» **Task**: Return exactly the lines below, starting with the one that has "Sunrain Yoga Pants" and going on through the one that has "Proposed Dutch tax".

Segment Open

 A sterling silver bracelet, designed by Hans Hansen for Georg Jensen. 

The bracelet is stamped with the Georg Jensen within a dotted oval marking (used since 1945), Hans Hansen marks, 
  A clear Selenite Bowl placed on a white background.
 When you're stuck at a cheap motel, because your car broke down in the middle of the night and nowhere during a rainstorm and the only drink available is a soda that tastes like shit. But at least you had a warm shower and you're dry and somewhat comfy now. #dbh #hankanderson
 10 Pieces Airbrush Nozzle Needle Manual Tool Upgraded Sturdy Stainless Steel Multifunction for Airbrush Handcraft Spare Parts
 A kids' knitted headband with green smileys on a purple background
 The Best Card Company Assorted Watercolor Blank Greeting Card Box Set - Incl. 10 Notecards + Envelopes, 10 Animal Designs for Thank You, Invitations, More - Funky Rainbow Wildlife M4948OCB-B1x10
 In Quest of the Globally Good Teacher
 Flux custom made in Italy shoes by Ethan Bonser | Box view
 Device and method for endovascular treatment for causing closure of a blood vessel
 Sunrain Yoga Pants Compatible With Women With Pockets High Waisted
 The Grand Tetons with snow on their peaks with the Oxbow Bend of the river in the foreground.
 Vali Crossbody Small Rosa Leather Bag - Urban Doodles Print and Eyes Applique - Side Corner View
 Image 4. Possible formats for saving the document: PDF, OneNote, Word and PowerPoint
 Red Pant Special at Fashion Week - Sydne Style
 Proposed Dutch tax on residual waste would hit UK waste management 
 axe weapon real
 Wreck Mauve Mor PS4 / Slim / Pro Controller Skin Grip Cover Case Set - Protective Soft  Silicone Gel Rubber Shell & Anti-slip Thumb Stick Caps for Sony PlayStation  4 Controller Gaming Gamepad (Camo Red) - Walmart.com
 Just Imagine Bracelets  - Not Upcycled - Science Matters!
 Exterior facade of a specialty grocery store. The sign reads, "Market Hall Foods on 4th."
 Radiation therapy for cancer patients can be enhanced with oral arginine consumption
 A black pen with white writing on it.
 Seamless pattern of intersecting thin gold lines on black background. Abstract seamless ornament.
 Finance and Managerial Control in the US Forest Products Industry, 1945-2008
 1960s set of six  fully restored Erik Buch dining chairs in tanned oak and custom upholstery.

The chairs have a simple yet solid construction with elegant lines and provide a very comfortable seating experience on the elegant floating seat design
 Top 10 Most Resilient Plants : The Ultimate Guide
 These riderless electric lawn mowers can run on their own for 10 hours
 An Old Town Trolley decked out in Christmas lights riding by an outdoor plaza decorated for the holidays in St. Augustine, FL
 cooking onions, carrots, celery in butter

Segment Closed

» **Reply**:
 Sunrain Yoga Pants Compatible With Women With Pockets High Waisted
 The Grand Tetons with snow on their peaks with the Oxbow Bend of the river in the foreground.
 Vali Crossbody Small Rosa Leather Bag - Urban Doodles Print and Eyes Applique - Side Corner View
 Image 4. Possible formats for saving the document: PDF, OneNote, Word and PowerPoint
 Red Pant Special at Fashion Week - Sydne Style
 Proposed Dutch tax on residual waste would hit UK waste management 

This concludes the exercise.